Based on this advice I've switched to blue on light beige (#0000C0 on #FFFFC0). It has a strong contrast in two channels, no change in the third, and suits my office (reasonably bright, but lit with non-natural light). So far, this is working well for me.
A little slash-trivia here:
You can also notice the refresh of a CRT if you chew on something hard, like peanuts, while staring at the screen. The crushing action of your teeth vibrates your head just enough to interface with the screen's refresh rate, causing the picture to "bounce" and shear in your field of view.
Plus, the chicks will just assume...
I can't stress the "ClearType" sub-pixel rendering enough. At work i switched from a CRT to an LCD and got eyestrain almost immediately afterwords. Enabling that feature caused the problem to go away just as fast.
Most people are right handed but some are left handed. Most people prefer light background and others like me prefer dark. You may be the same. Unfortunately most of the web is pretty much hardcoded to have blinding white backgrounds so after years of slogging through style-sheets and app-defaults I gave up and used the sledghammer approach. I now run everything in a VNC server and use a hacked vncviewer to render the world in reverse video. I'm happy and the patch is here http://www.vnc.cz/pipermail/vnc-list/2006-January/053794.html. I'm thinking of moving to Xvfb with a hacked x11vnc as that might give a more up to date X-server and will work with Windows viewers.
Also works with low and pedal tones on a brass (low brass pref) instrument.

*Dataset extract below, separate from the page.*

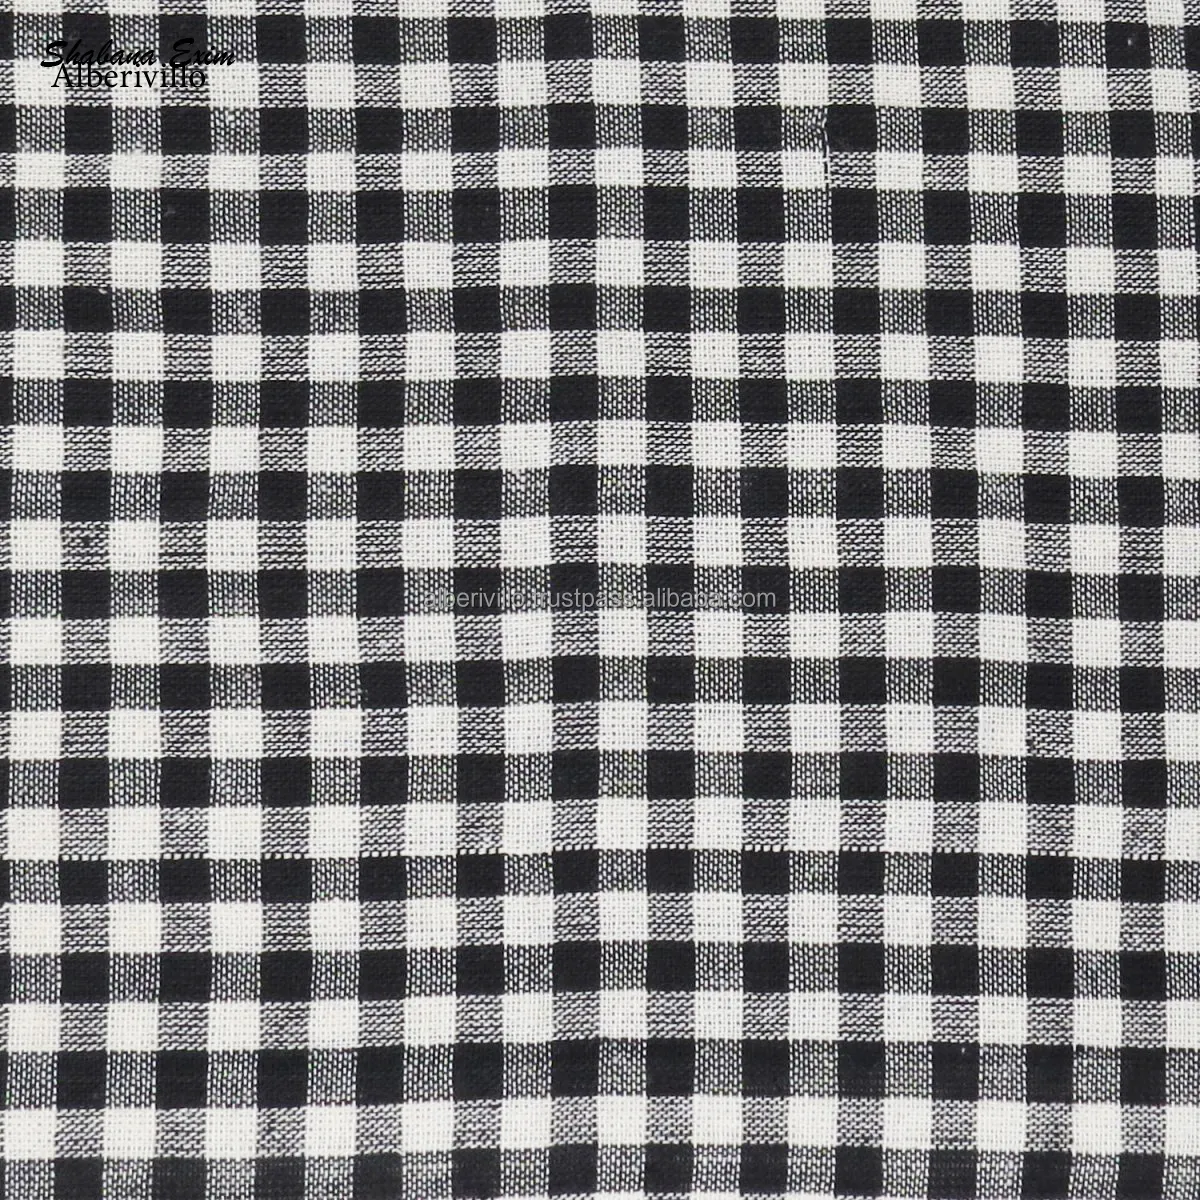 Black Checked Kitchen Napkin Fabric Order Hot Selling High Quality Cotton Woven Yarn-Dyed Plaid Fabric for Shirt

Makes the digits on a LED digital clock waver and bounce slowly in addition to seeing screen refresh.
The color I have found that works best is orange on green. This color pair has to be tuned so that the level of green primary in the orange is equal to the level of green in the background. This ensures that the boundary edge between foreground and background colors is limited to a single color. With the contrast being in a single color, it can remain in sharp focus regardless of the color error of the lens in the eyes or corrective lenses many people use. While red on black would maintain the same sharpness, having an added green base color increases the illumination level, causing pupils to contract to a smaller opening, increasing depth of field and improving focus and visual sharpness. Adding some blue to the base color (approximately pink on dark cyan) can also work. Just be sure that the foreground color has as much green and blue as the background color.
now we need to go OSS in diesel cars
I'd be more worried about the fact that "things" are judging you...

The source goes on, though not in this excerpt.